§ ASSIGNED TASK
Among the entries below, one stretch runs from the line that contains "Novo Nissan Versa 2015" through the line that contains "61d7b9492 Futsal Boot". Repeat that stretch exactly, ends included, and only that.

§ ENTRIES PROVIDED
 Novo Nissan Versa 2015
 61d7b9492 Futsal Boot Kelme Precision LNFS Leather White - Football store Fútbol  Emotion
...
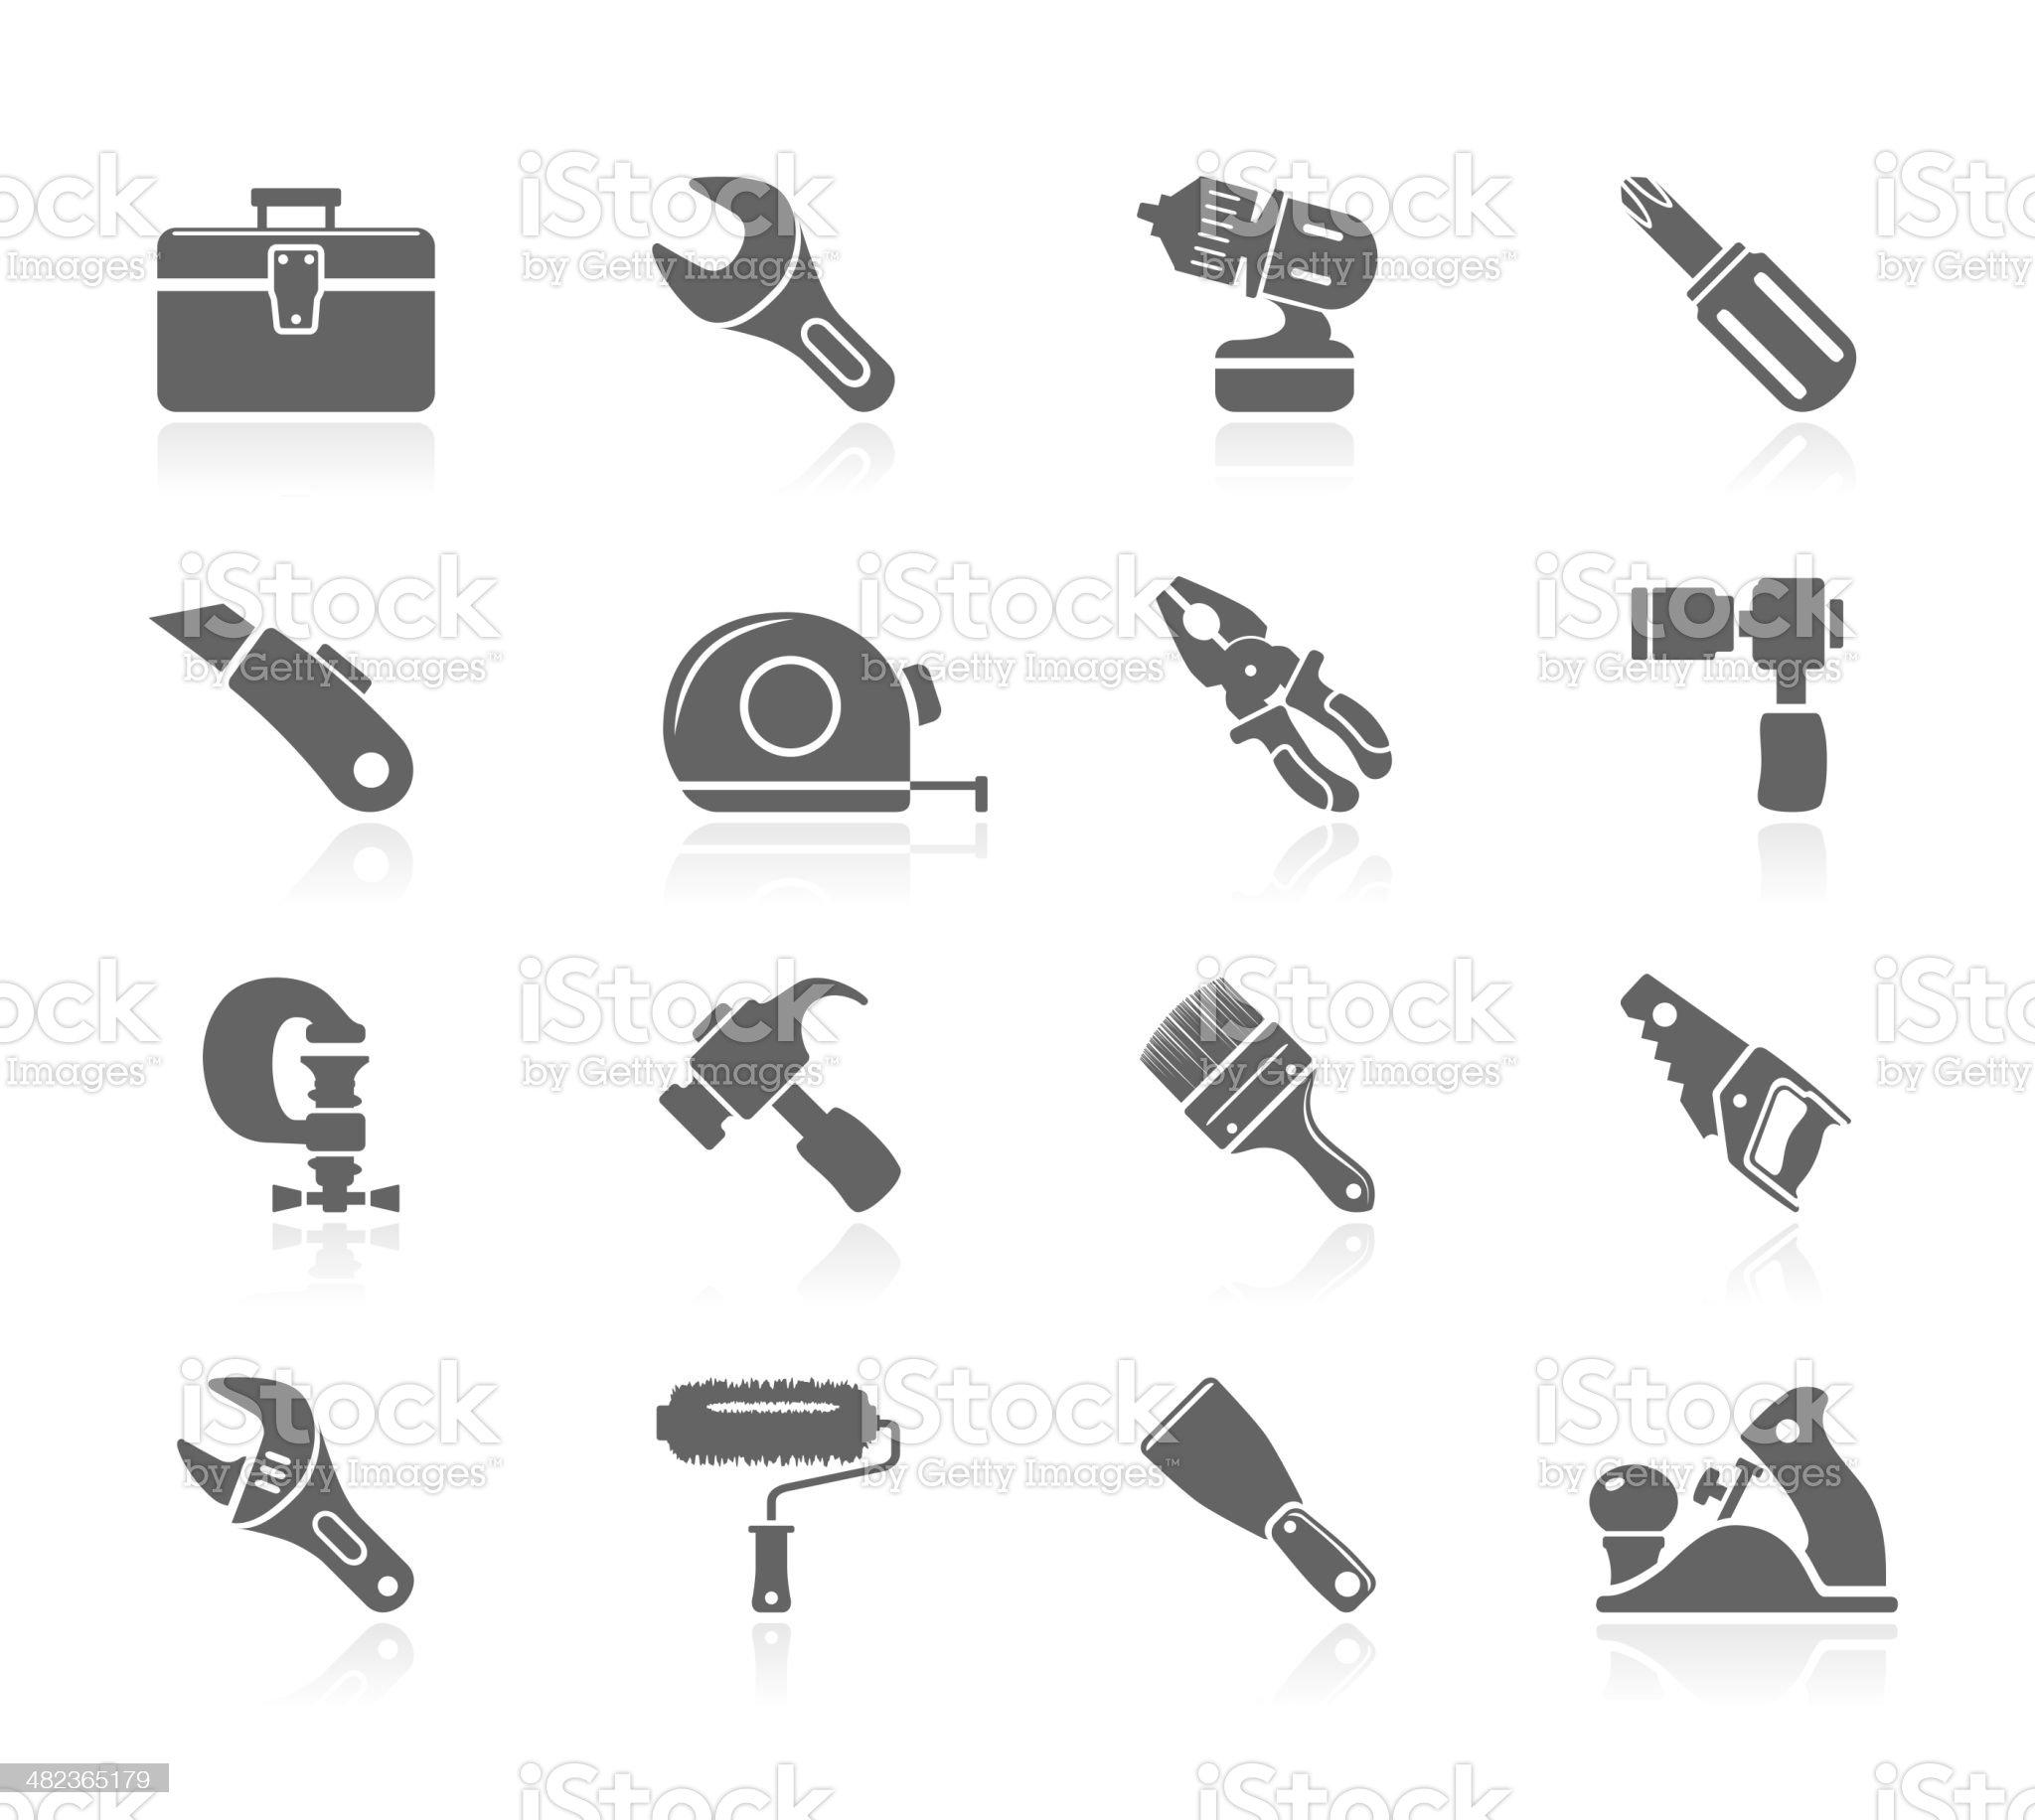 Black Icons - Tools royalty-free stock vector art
==
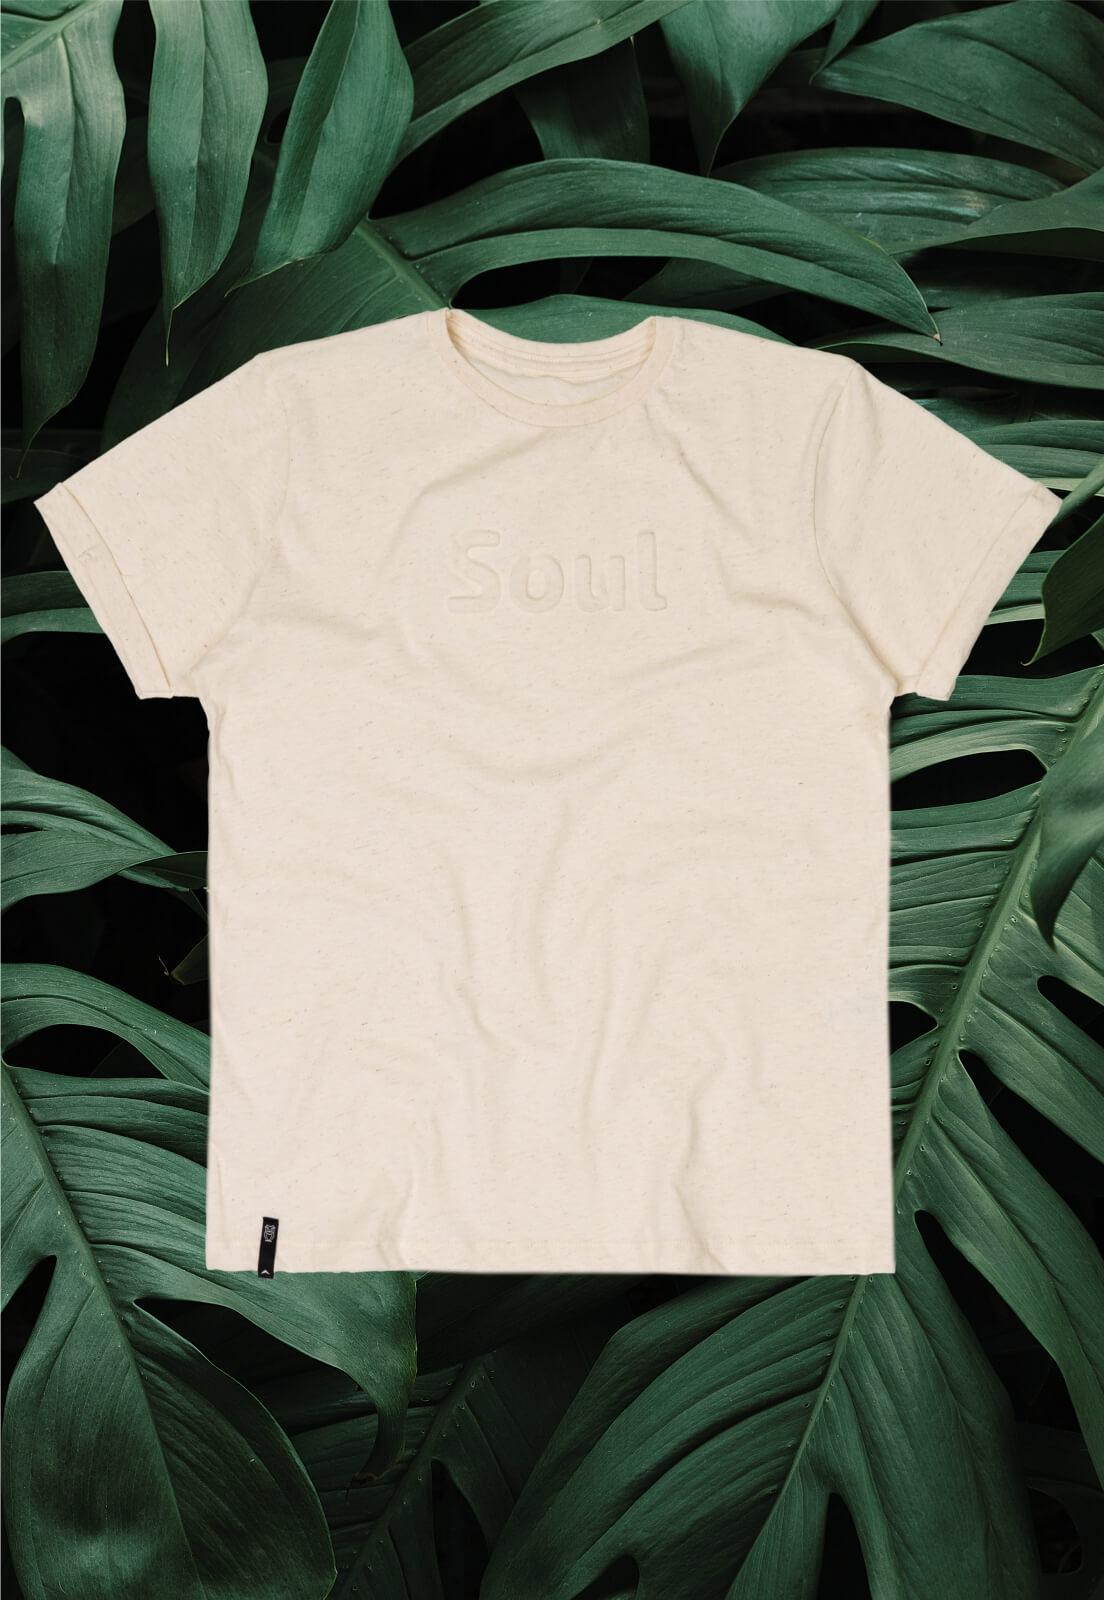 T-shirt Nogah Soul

§ SOLUTION
 Novo Nissan Versa 2015
 61d7b9492 Futsal Boot Kelme Precision LNFS Leather White - Football store Fútbol  Emotion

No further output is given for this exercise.